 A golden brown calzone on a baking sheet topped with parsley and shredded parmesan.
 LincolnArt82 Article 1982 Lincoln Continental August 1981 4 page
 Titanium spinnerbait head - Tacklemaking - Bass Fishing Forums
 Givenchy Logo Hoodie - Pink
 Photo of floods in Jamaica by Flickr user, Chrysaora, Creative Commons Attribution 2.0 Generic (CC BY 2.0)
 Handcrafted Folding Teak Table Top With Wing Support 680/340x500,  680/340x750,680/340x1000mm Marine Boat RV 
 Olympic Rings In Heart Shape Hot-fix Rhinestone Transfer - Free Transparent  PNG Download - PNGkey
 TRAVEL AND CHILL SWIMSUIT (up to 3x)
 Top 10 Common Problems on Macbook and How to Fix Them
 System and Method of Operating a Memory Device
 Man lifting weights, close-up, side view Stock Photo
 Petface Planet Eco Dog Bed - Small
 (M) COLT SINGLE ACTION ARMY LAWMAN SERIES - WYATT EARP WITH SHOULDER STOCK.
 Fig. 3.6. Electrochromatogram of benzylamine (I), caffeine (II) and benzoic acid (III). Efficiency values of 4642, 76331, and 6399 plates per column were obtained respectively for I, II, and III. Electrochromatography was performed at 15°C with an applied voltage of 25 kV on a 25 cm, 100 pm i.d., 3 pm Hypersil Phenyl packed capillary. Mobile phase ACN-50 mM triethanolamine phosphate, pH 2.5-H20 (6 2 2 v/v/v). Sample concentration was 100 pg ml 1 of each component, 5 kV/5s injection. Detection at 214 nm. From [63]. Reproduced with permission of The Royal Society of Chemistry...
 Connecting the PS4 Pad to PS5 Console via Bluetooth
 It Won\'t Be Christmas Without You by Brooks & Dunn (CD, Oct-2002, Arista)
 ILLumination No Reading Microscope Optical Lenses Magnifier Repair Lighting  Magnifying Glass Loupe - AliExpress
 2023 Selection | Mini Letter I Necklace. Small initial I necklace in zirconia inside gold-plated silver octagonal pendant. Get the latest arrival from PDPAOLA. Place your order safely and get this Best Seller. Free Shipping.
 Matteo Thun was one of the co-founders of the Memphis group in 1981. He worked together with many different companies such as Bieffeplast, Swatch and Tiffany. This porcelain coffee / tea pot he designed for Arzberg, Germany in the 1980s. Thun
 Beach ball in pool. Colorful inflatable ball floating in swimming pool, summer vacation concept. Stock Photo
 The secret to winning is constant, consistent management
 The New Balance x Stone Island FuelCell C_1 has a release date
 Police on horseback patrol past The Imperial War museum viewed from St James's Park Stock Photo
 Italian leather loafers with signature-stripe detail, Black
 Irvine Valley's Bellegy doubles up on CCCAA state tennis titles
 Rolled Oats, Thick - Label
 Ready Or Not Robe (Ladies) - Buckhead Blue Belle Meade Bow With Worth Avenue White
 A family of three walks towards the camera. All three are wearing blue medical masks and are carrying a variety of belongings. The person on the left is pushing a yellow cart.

-- Task to carry out --
Give back the records above exactly, limited to the lines between the one holding "TRAVEL AND CHILL SWIMSUIT (up to 3x)" and the one holding "(M) COLT SINGLE", inclusive.

-- Exercise response --
 TRAVEL AND CHILL SWIMSUIT (up to 3x)
 Top 10 Common Problems on Macbook and How to Fix Them
 System and Method of Operating a Memory Device
 Man lifting weights, close-up, side view Stock Photo
 Petface Planet Eco Dog Bed - Small
 (M) COLT SINGLE ACTION ARMY LAWMAN SERIES - WYATT EARP WITH SHOULDER STOCK.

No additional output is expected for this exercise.